A viral Vanity Fair article that suggested traders may have had foreknowledge about a series of geopolitical events — and profited handsomely from them — is “patently false,” according to the Chicago Mercantile Exchange.
On Thursday, author William Cohan published an article that linked mysterious trading in S&P 500 (^GSPC) futures contracts to market-moving developments like the September 13 drone attack on Saudi Arabia’s oil facilities, the U.S.-China trade war and Hong Kong’s independence protests.
Euphemistically called “chaos trades,” the article alleged someone connected to President Donald Trump’s administration may have helped investors front-run trades based on illicit or insider knowledge of world events, who then reaped hundreds of millions in profit. The story reverberated across social media, with some observers saying it implicated the besieged Trump administration in a new ethical quandary.
But in a tersely worded statement issued late Friday, the CME — which regulates S&P futures contract trading — said it “regularly monitors its markets for suspicious activity,” and dismissed the allegations. A number of Wall Street analysts have also called the story’s thesis into question.
Trump’s prolific use of Twitter to make policy statements routinely ratchets up trading volatility, one reason why the Vanity Fair article called into question some of the trading surrounding his tweets on market-moving events.
“As it relates to the Vanity Fair article published on October 17, 2019, regarding activities in the E-mini S&P 500 futures contract, the allegations about the trading activity are patently false,” the exchange said. “These transactions were entered into by a significant number of diverse market participants.”
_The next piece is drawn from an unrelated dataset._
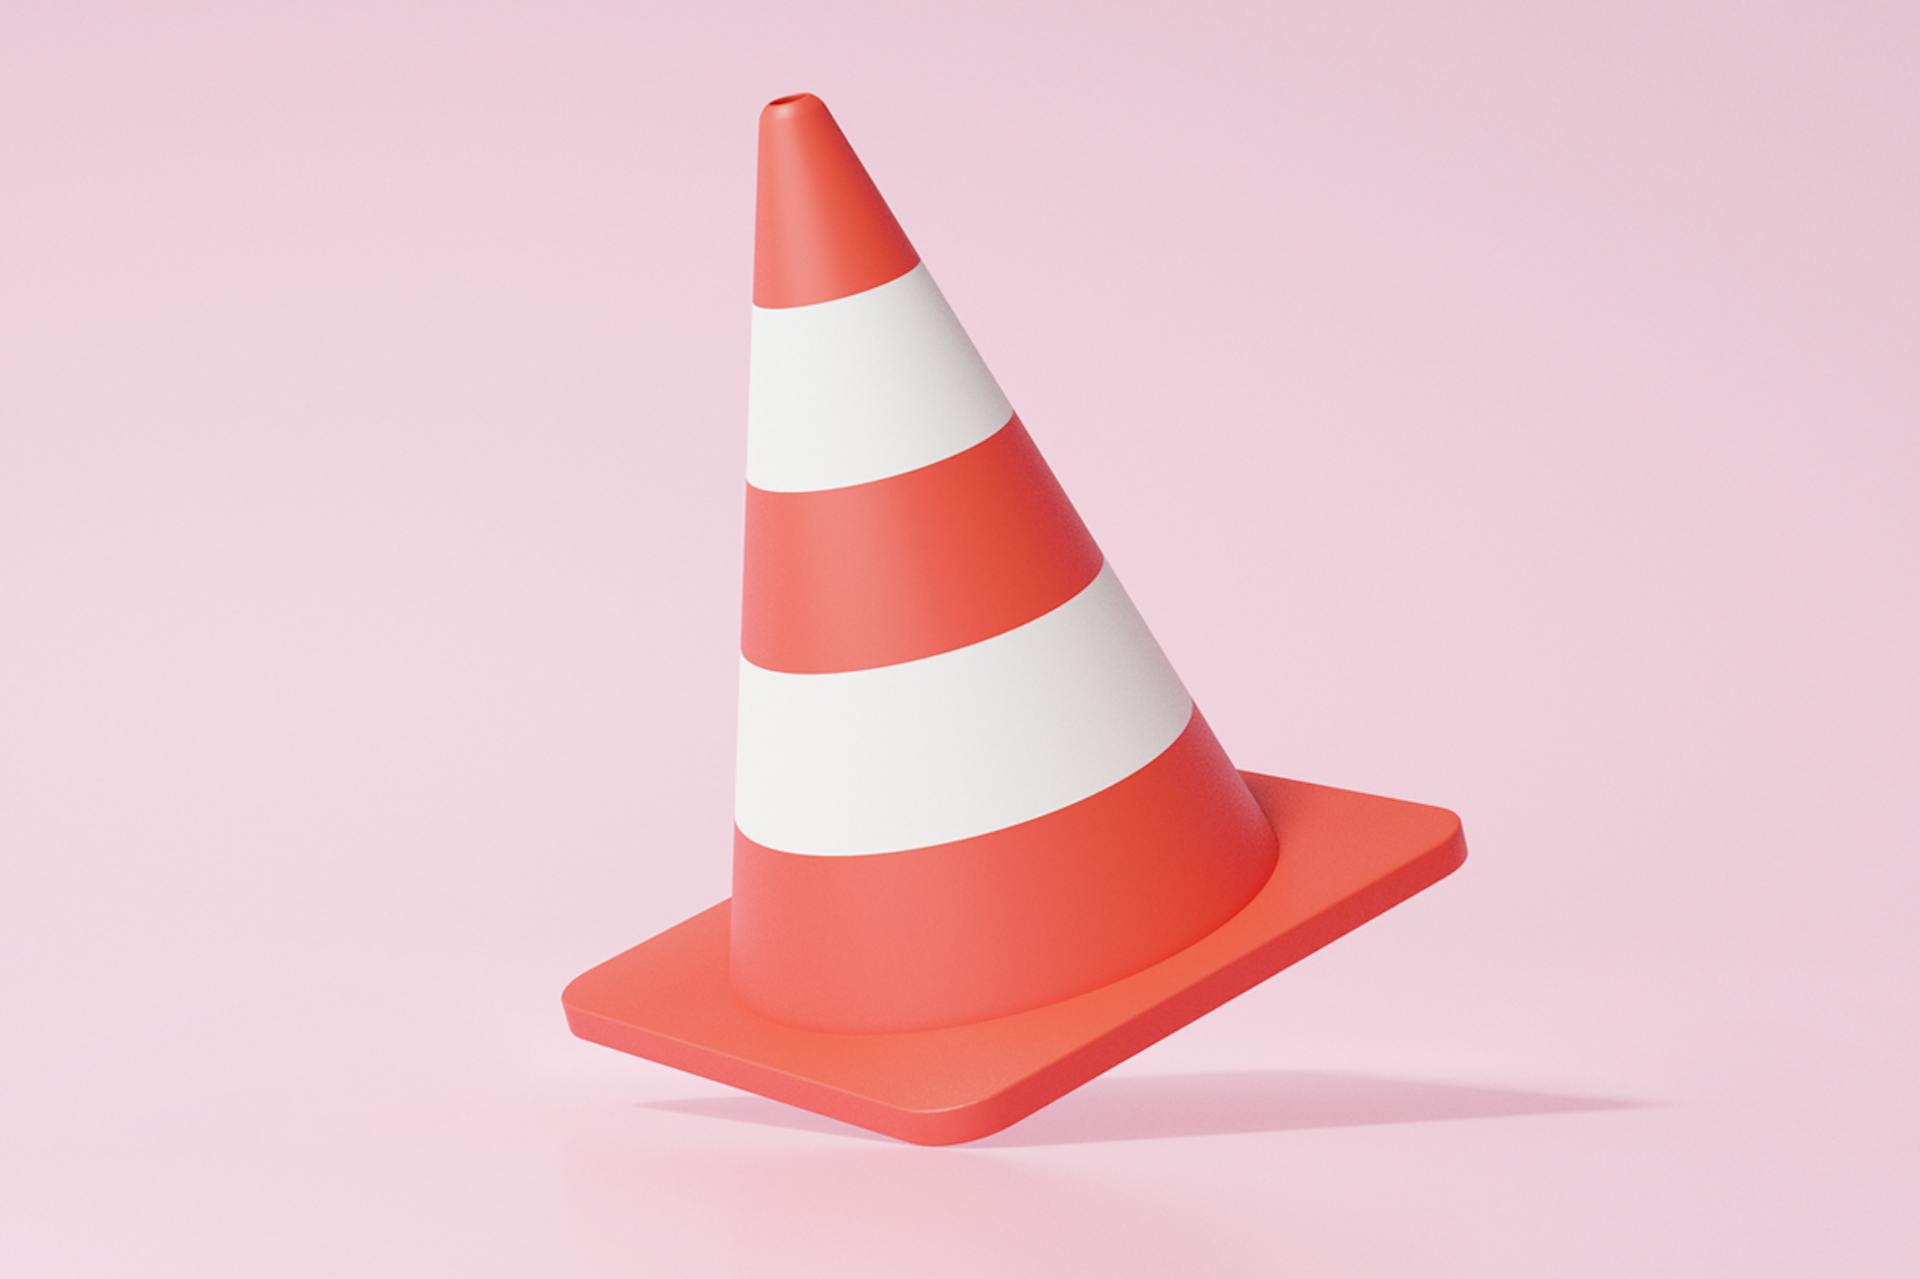 An illustration of a red traffic cone that has two white stripes on it. A traffic cone, like this, often acts as a warning signal, which it is being used as the header image for a blog on Barriers to Effective Communication & How to Overcome Them.

In the days since the article’s publication, a few market observers have chipped away at its premise. Since futures are hedges against other market positions, it’s likely a gain in one position just offsets losses in another.
George Pearkes, a global macro strategist for Bespoke Investment Group, wrote an analysis published by Business Insider that the E-mini trading represented “typical futures trading activity” derived from multiple investors — and that it was virtually impossible to pinpoint exactly when those trades were executed, or by whom. He added that the article presented “flimsy claims” advanced mostly by antipathy toward Trump.
In an interview with Yahoo Finance on Friday, Cohan defended the observations he articulated in his article. He pointed out that traders who actively create positions in S&P minis were the ones who flagged the suspicious nature of the trades.
“Human nature would dictate that if you were able to make $180 million profit on a smart trade in a few days or a week, you’re going to take that profit and move on to the next thing,” he told YFi PM.
“We certainly don’t know who placed these trades, and that’s something the regulators should be looking into,” Cohan said, backing calls for an investigation as “totally appropriate.”